Results. No age-related differences in peak joint velocities were found during recovery from small lean magnitudes, but older men exhibited slower velocities during recovery from maximum lean magnitudes. There was no difference in the maximum lean magnitude achieved by the men when stepping with the dominant or nondominant LL.

Conclusions. The previously reported age-related reduction in stepping speed seems to be due to localized reductions in maximum hip flexion velocity, knee flexion and extension velocity, and ankle plantar flexion velocity. Also, the ability of young and older men to recover from a forward fall with a single step does not seem to be limb dependent.

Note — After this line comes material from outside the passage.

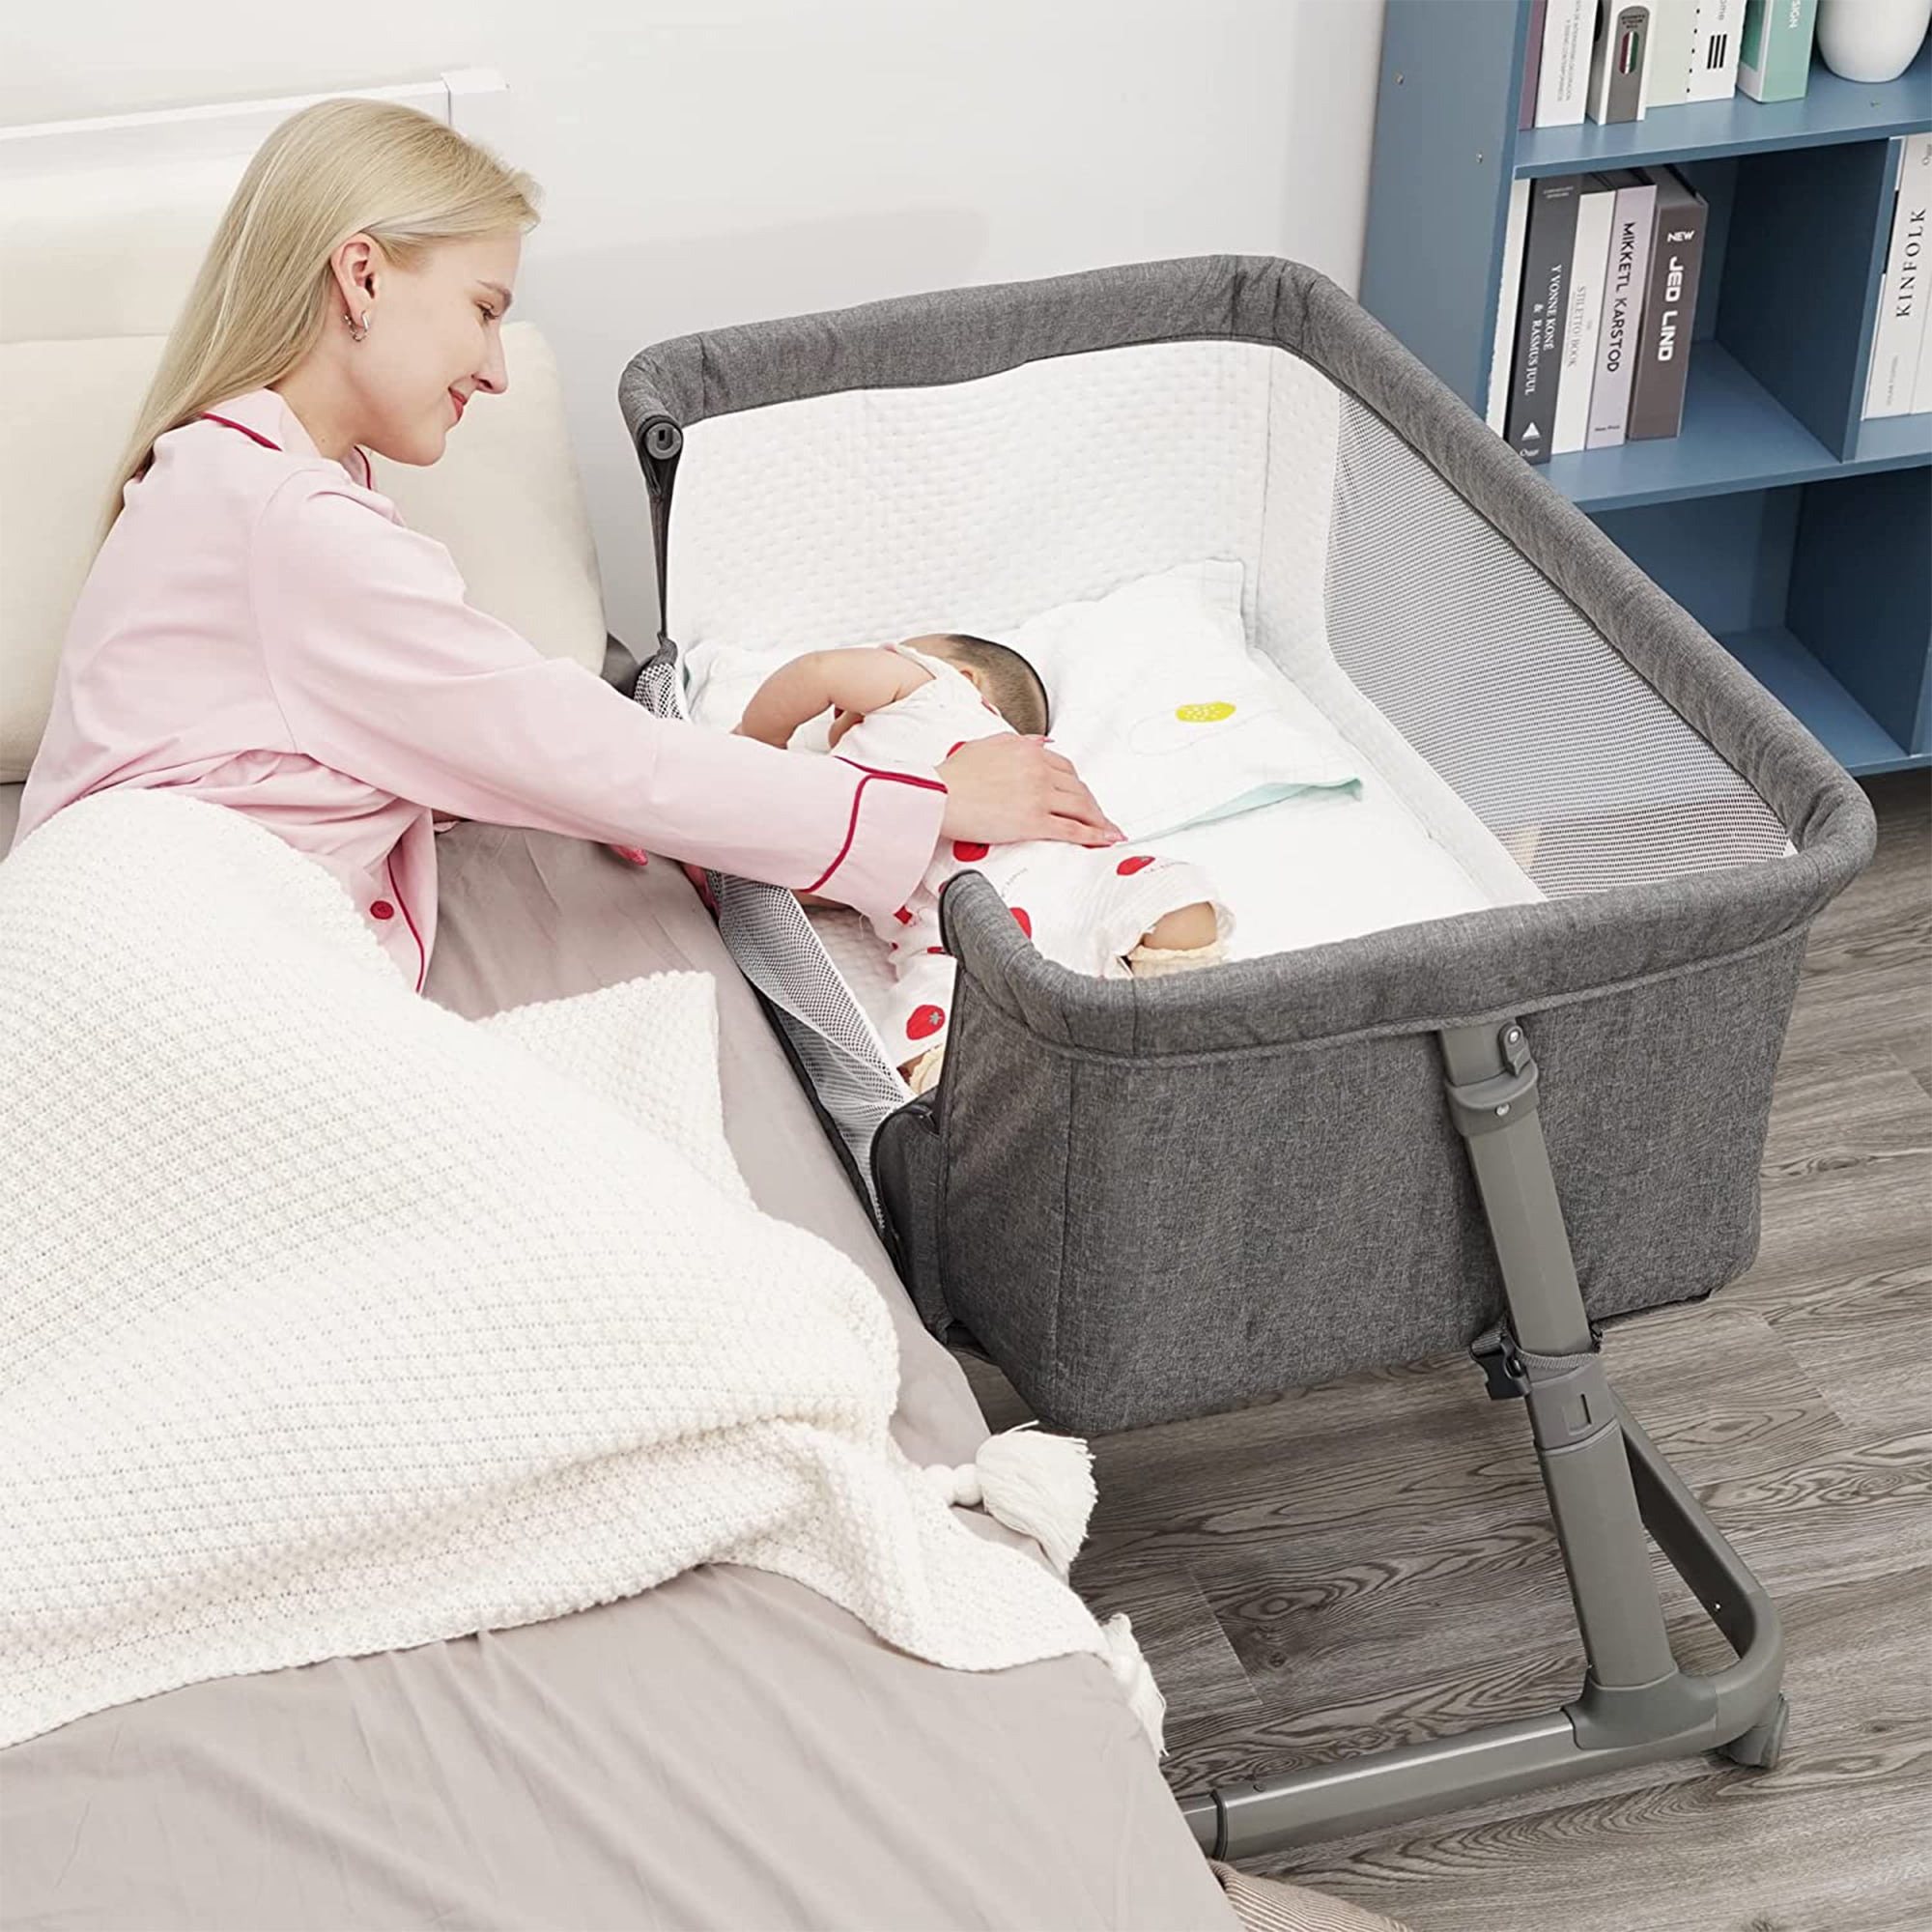 Pamo Babe Unisex Infant Flat Bedside Sleeper Bassinet with Wheels and Floding Frame For 0-9 months (Grey) -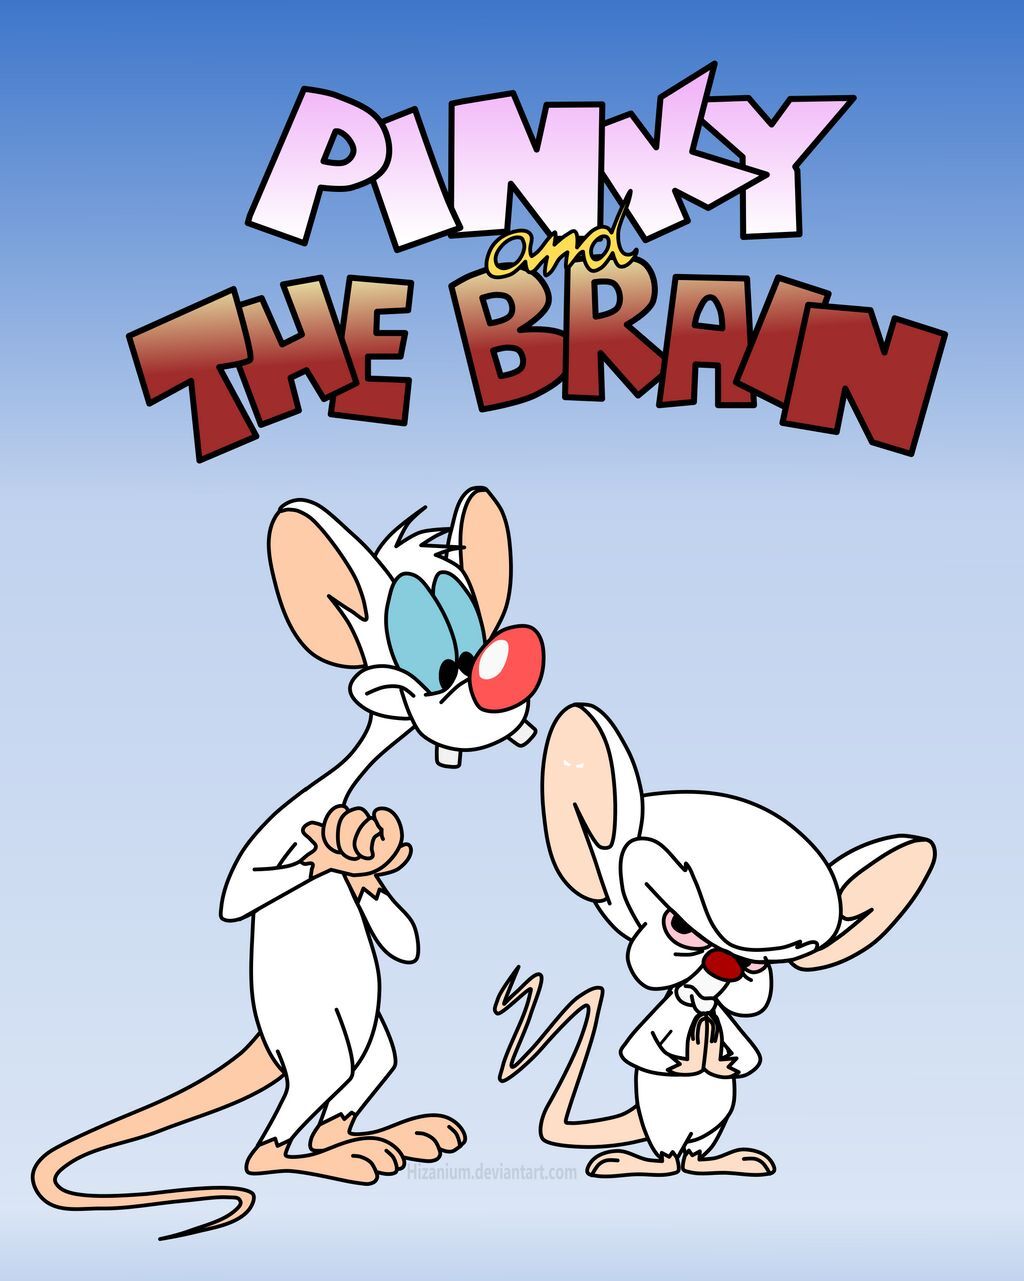 Pinky and the Brain (1995) -, Synopsis, Characteristics, Moods, Themes and  Related

FALLS are among the most common and debilitating medical problems experienced by older adults. Approximately one-third of adults over 65 years of age fall at least once a year (1). One of the most serious injuries resulting from these falls is hip fracture. In fact, half of people over age 75 who suffer a hip fracture die within a year of the injury (2). Other potential consequences of falls besides injury include chronic pain (3), fear of falling (4), and loss of confidence (5), any of which can lead to greater functional decline in activities of daily living (6,7). The large number of falls among older adults, coupled with the expected growth in the older adult population, warns of an onerous public health problem.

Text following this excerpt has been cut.